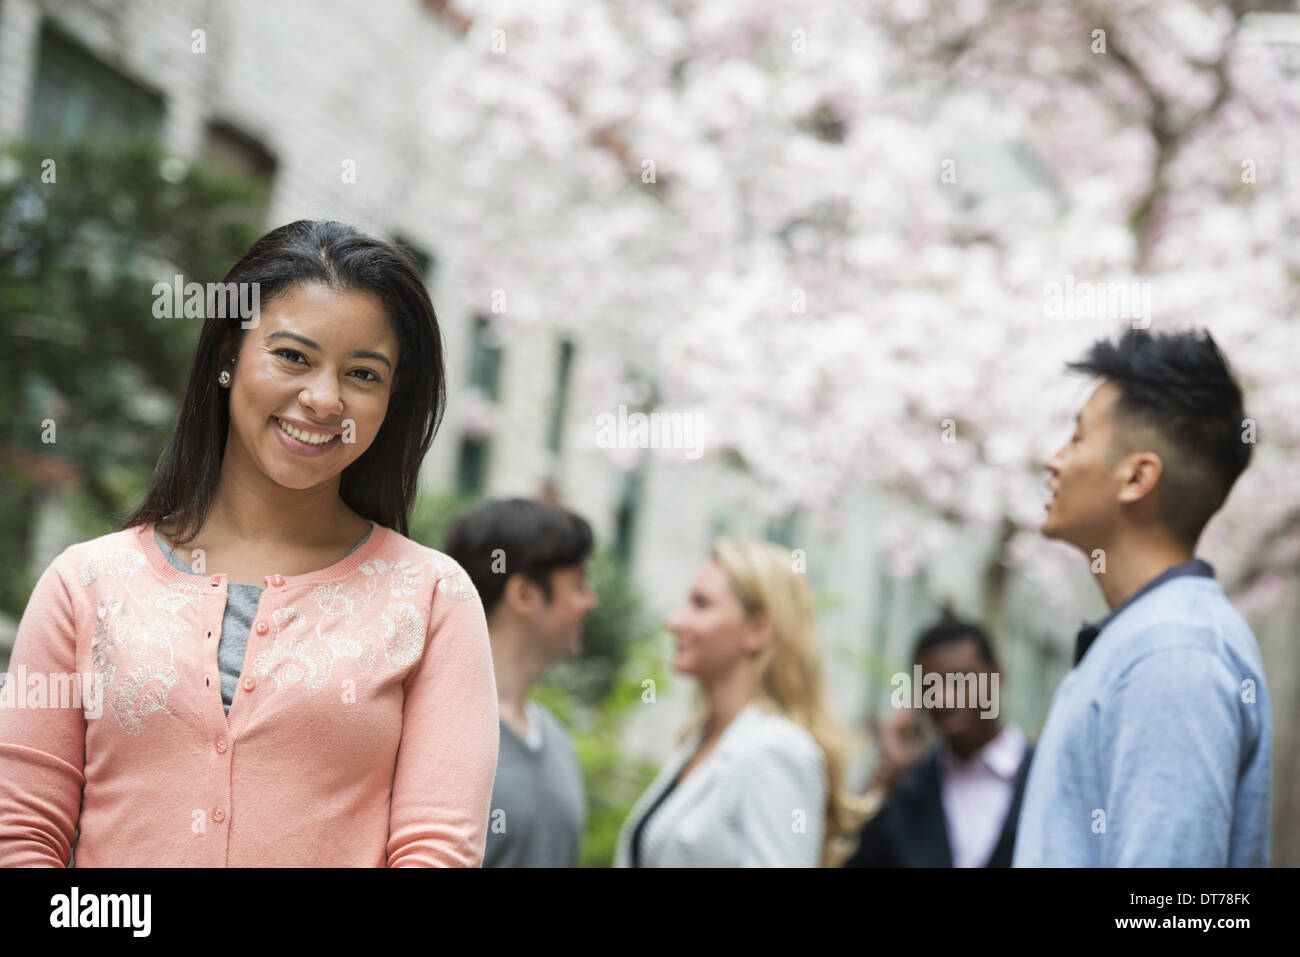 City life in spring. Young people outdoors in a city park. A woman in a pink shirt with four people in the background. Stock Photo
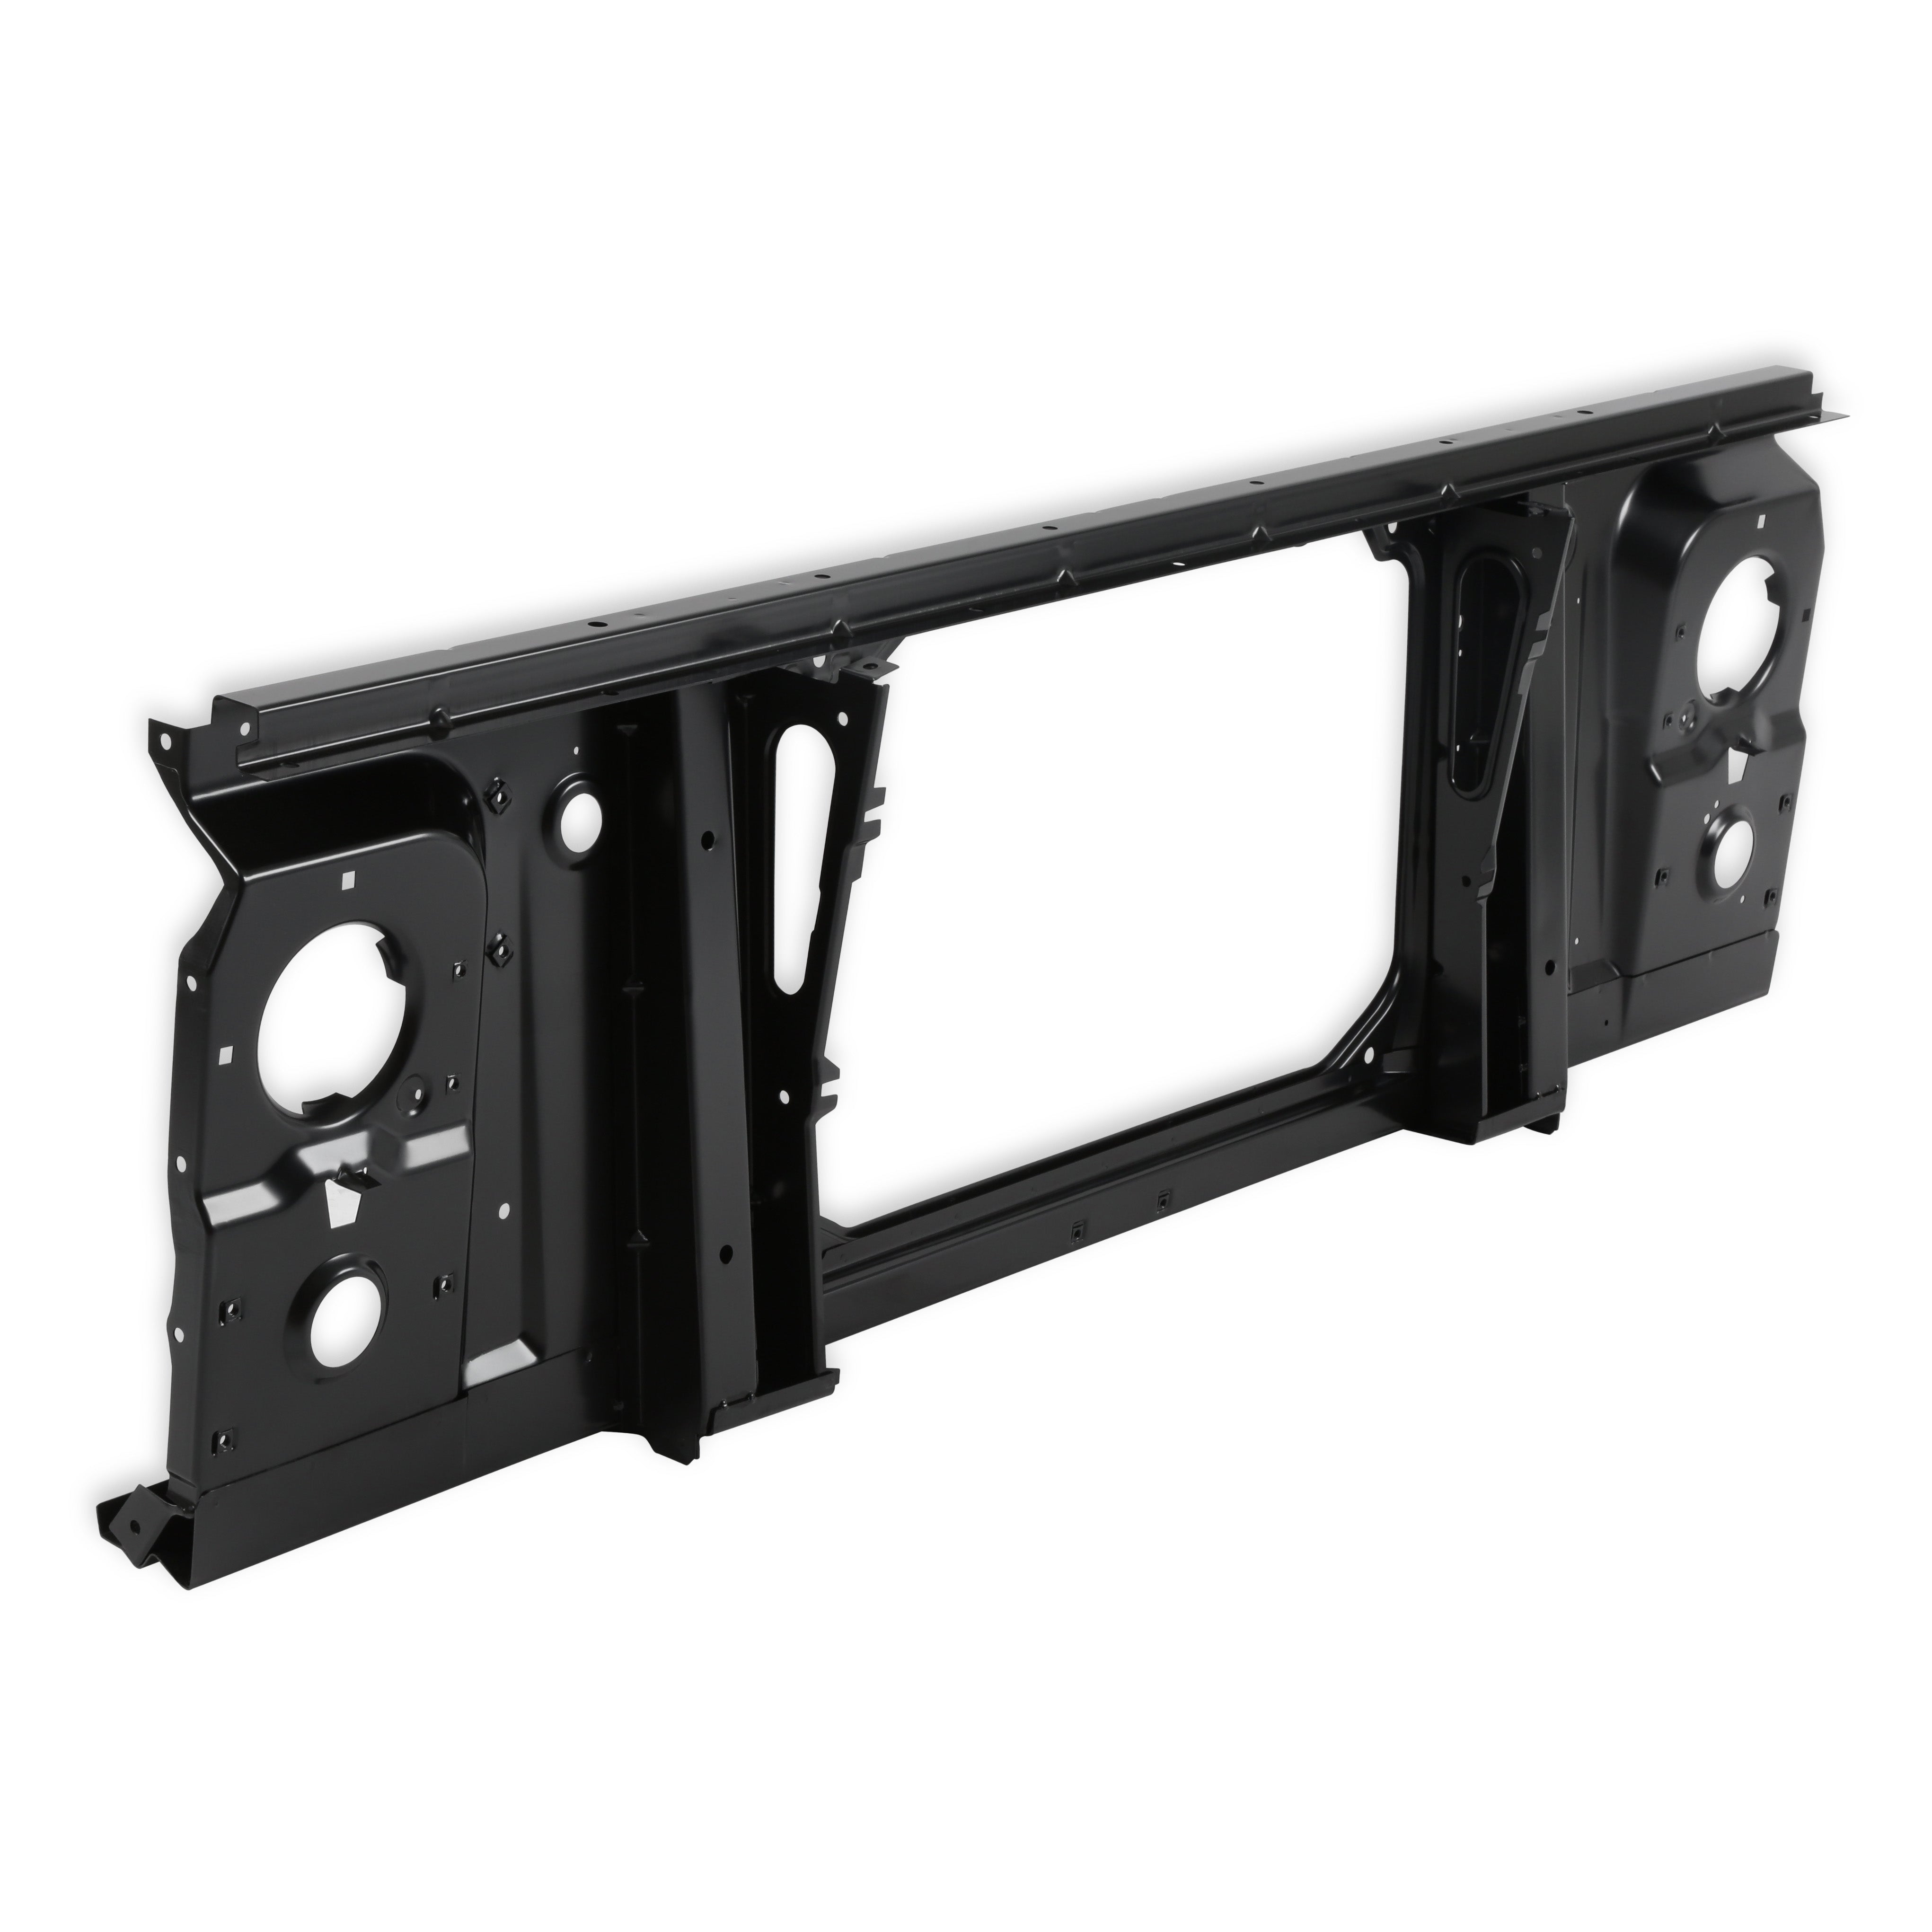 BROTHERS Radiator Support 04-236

==

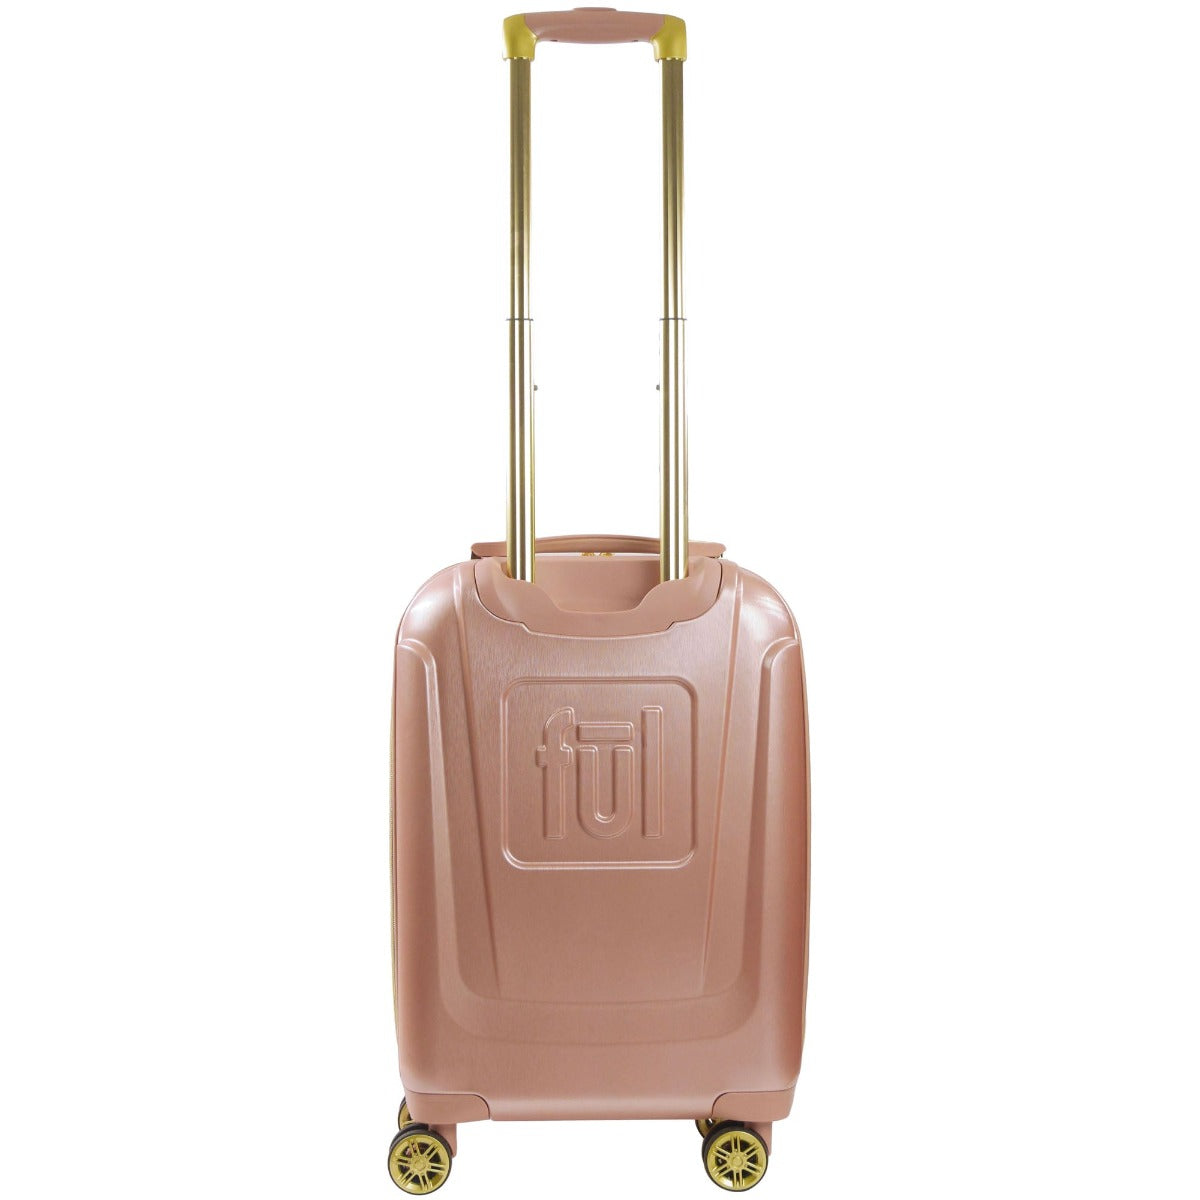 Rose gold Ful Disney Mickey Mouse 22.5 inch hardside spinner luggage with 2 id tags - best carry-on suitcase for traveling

...

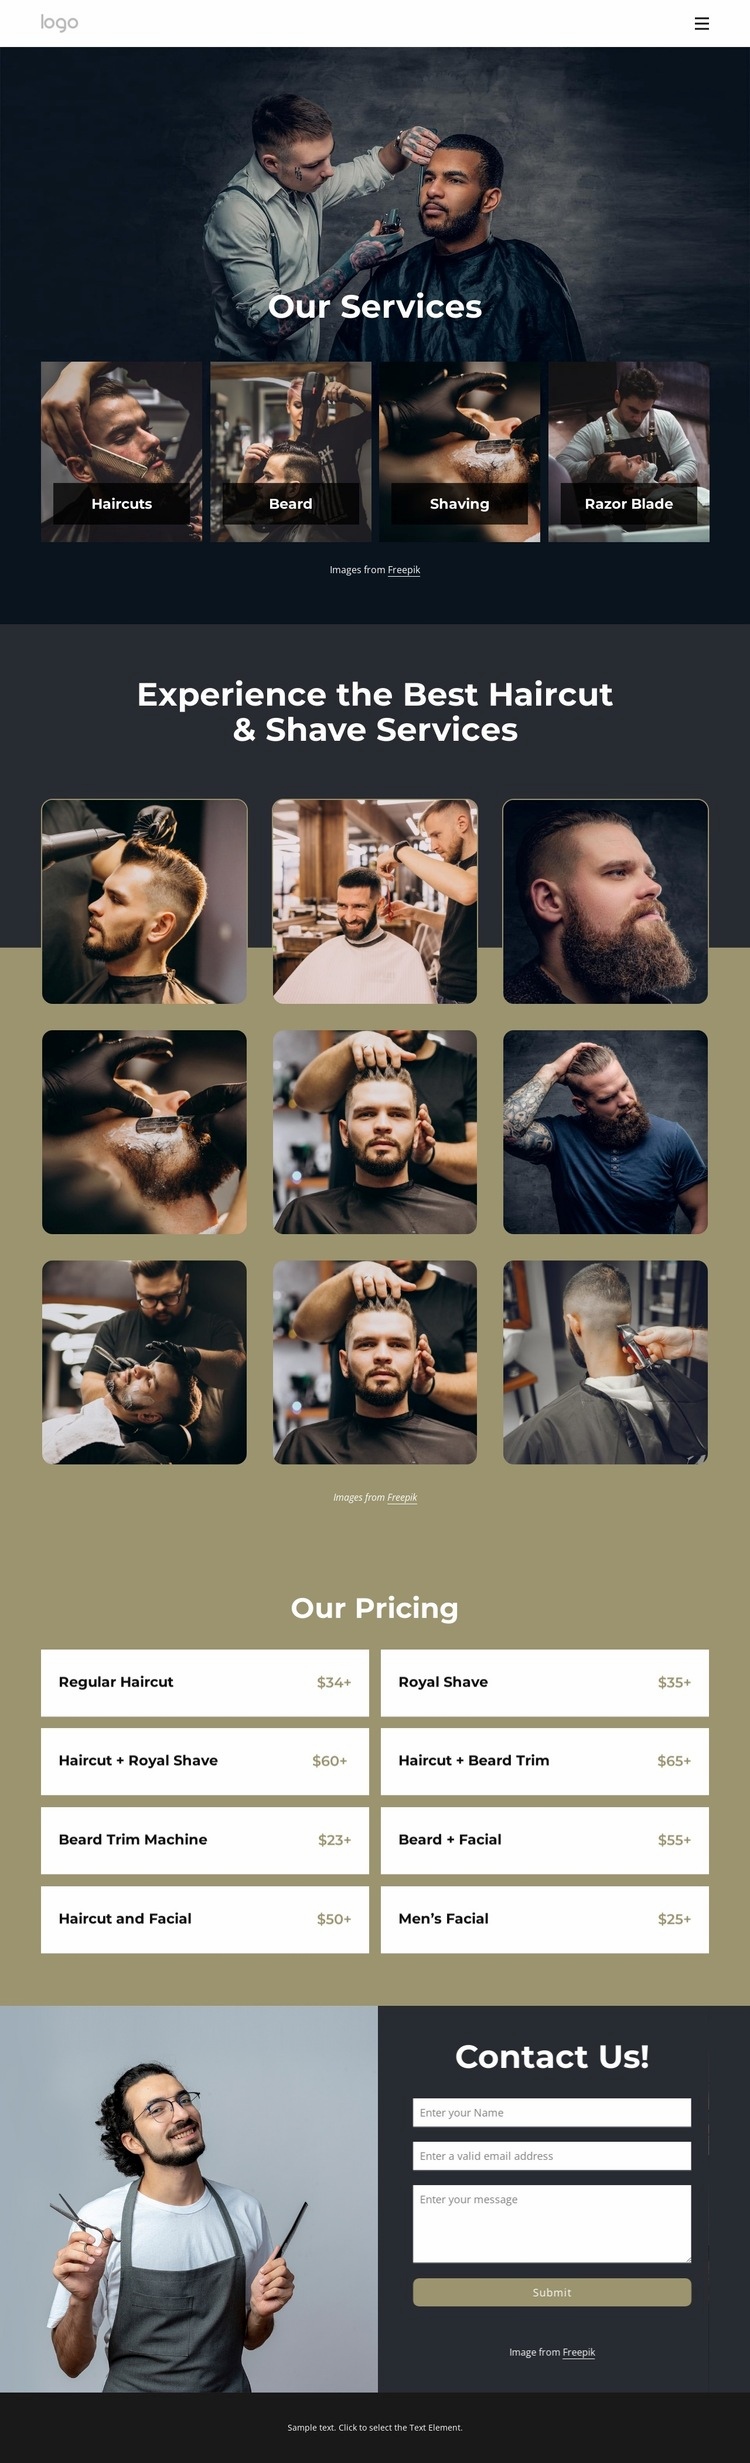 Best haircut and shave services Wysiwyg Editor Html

*TASK ITEM*. Return exactly the lines above, from the one with "City life in" up to and including the one with "BROTHERS Radiator Support 04-236", and include no pictures.

*WRITTEN SOLUTION*.
 City life in spring. Young people outdoors in a city park. A woman in a pink shirt with four people in the background. Stock Photo
 BROTHERS Radiator Support 04-236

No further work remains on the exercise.